Source: vignettes/articles/Wurthwein_2013_caspofungin.Rmd
Wurthwein_2013_caspofungin.Rmd

Model and source

  • Citation: Wurthwein G, Cornely OA, Trame MN, Vehreschild JJ, Vehreschild MJGT, Farowski F, Muller C, Boos J, Hempel G, Hallek M, Groll AH. Population pharmacokinetics of escalating doses of caspofungin in a phase II study of patients with invasive aspergillosis. Antimicrob Agents Chemother. 2013;57(4):1664-1671. doi:10.1128/AAC.01912-12.
  • Description: Linear two-compartment population PK model with proportional residual error for once-daily 2-hour intravenous caspofungin infusions (70, 100, 150, 200 mg QD) in adults with proven or probable invasive aspergillosis (Wurthwein 2013). Clearance and central volume share a single linear body-weight fractional change centred on the cohort median body weight of 76 kg (CL_i = CL_typ * [1 + 0.0102 * (WT - 76)]; V1_i = V1_typ * [1 + 0.0102 * (WT - 76)]). Inter-individual variability is modelled exponentially on CL, V1, and V2 with an estimated CL-V1 covariance (correlation 0.802). Inter-occasion variability (16% CV) is included on CL across five sampling occasions (days 1, 4, 7, 14, 28) via the OCC covariate; downstream users who only need typical-value or IIV-only simulations can pass OCC = 0 (or any value outside 1..5) so the IOV terms zero out. Dose-level, gender, age, baseline serum bilirubin and baseline creatinine clearance were screened but not retained.
  • Article: Antimicrob Agents Chemother 2013;57(4):1664-1671

Population

Forty-six adults with proven or probable invasive aspergillosis were enrolled at three German university hospitals between September 2006 and July 2009 (EudraCT 2006-001936-30; ClinicalTrials.gov NCT00404092).

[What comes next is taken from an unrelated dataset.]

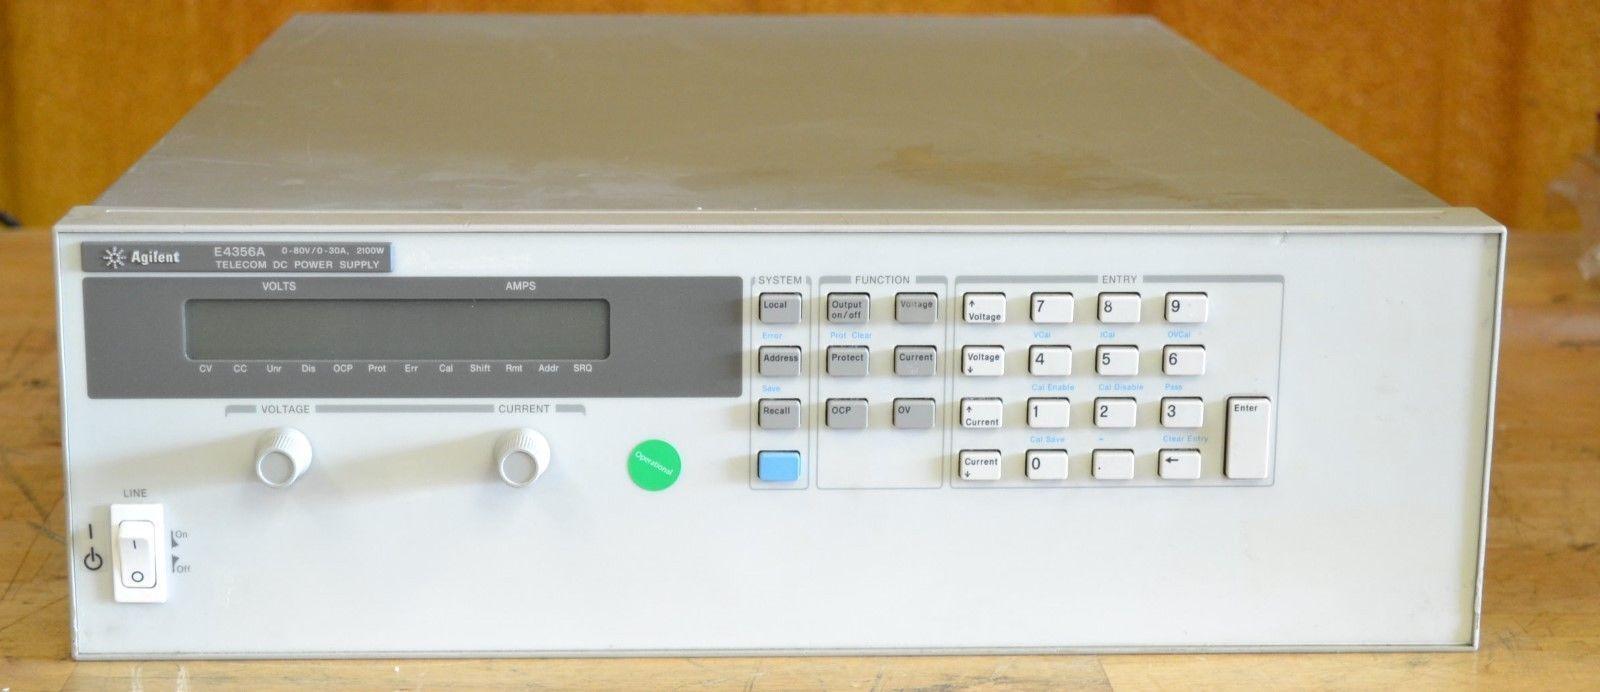 Hp Agilent E4356a Telecom Dc Power Supply 80v 30a Ebay 0 30 Vdc Stabilized With Current Control 0002

Cohort composition per Table 1 of Wurthwein 2013: median age 61 years (range 18-74), median body weight 76 kg (range 43-104; 14 of 46 patients > 80 kg), 25 of 46 female (54.3% female), median day-1 serum bilirubin 0.8 mg/dL (range 0.3-2.3), and median day-1 creatinine clearance 102 mL/min (range 39-260; Cockcroft-Gault). Twenty seven of 46 patients had acute leukemia and 31 of 46 were neutropenic. Patients with serum bilirubin > 3x upper limit of normal, AST or ALT > 5x ULN, or alkaline phosphatase > 5x ULN were excluded.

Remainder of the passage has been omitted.